_Task brief_:
After finding the line that holds "Free Gerald Jampolsky" below, set down that line and the rest through the final one exactly, leaving the pictures out.

_Recorded information_:
Segment Open

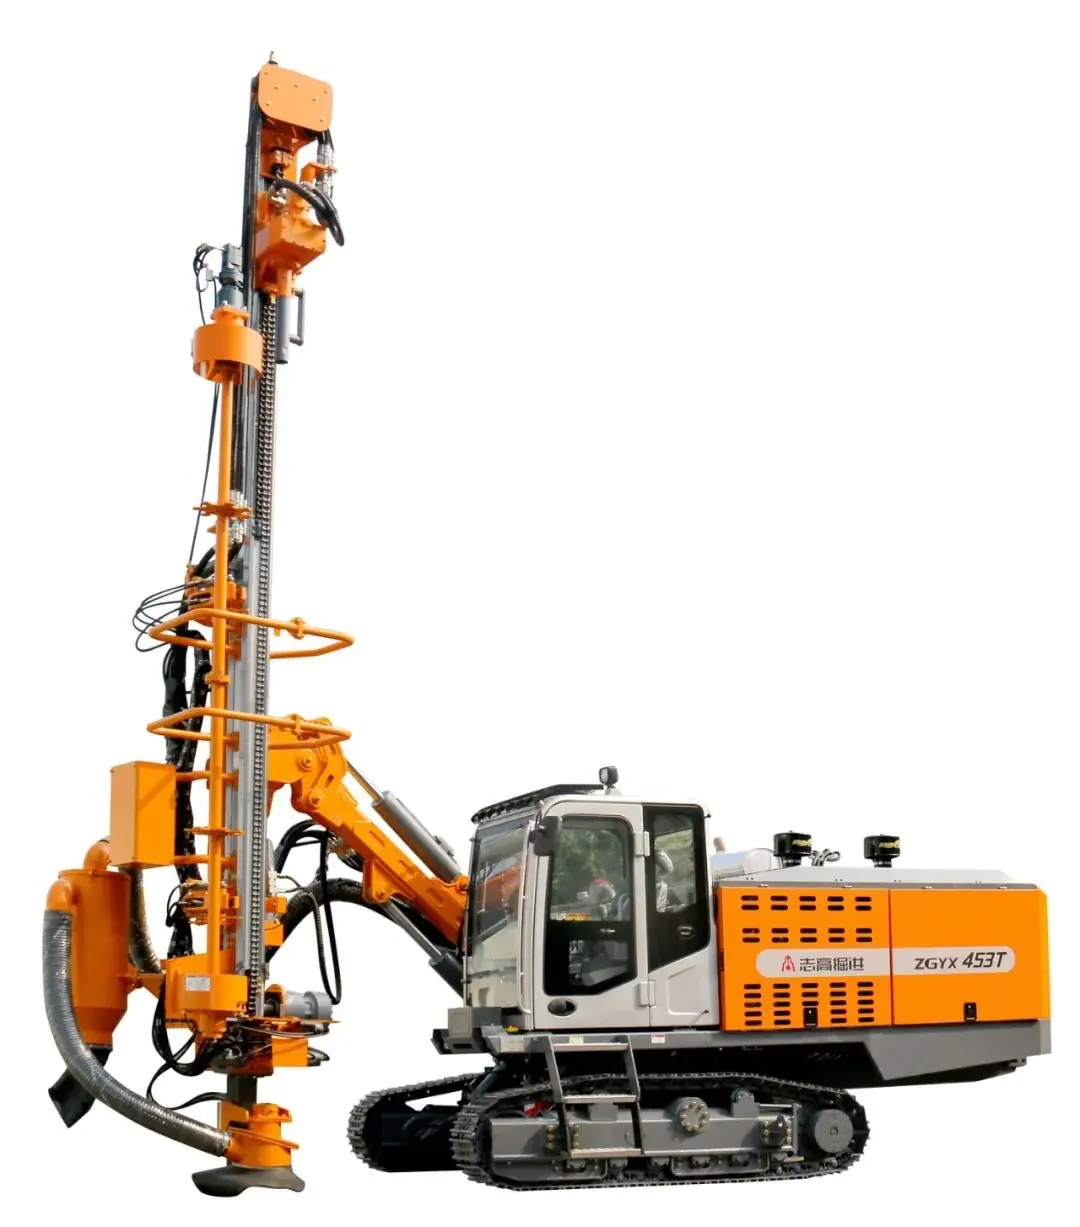 Blasting Drilling Rig ZGYX 453T Used in Quarry Extraction Quarry Mining Drilling Machine
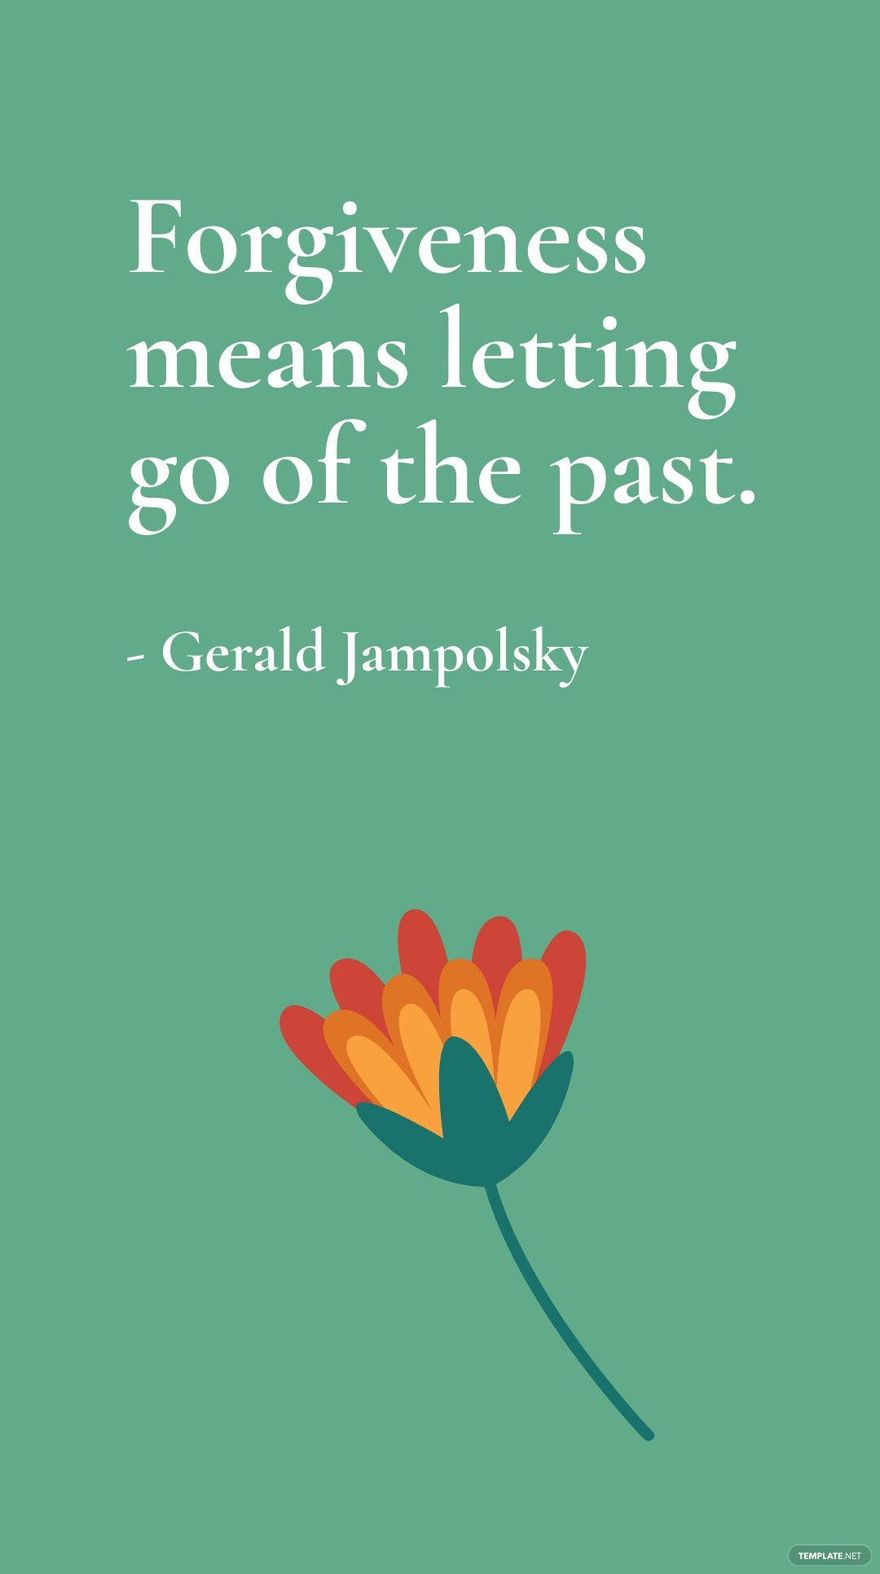 Free Gerald Jampolsky - Forgiveness means letting go of the past. in JPG
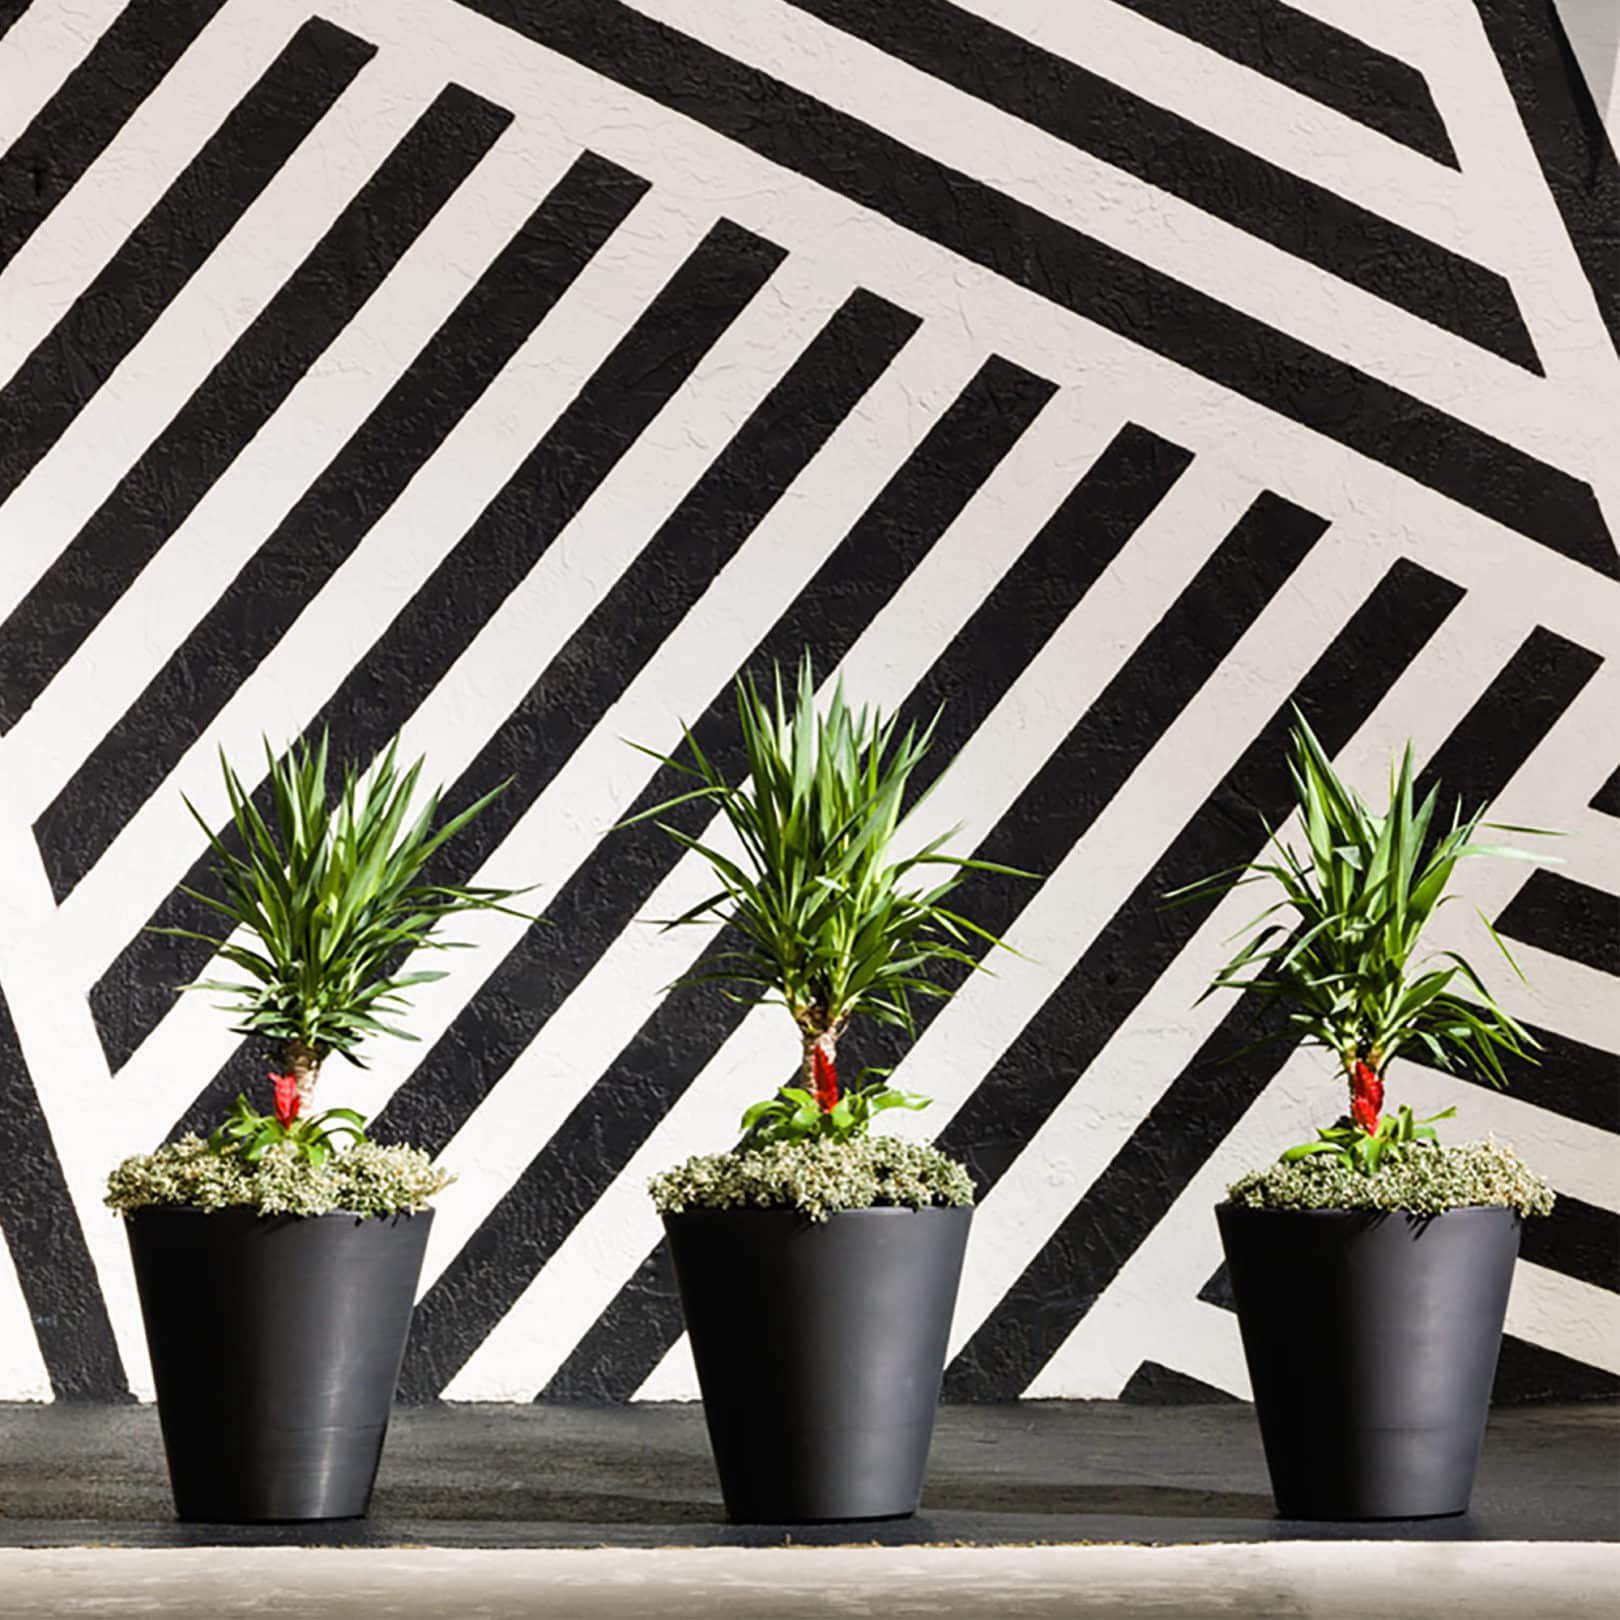 Striped Black and White Wall with Madison Planters

Segment Closed

_Task result_:
 Free Gerald Jampolsky - Forgiveness means letting go of the past. in JPG
 Striped Black and White Wall with Madison Planters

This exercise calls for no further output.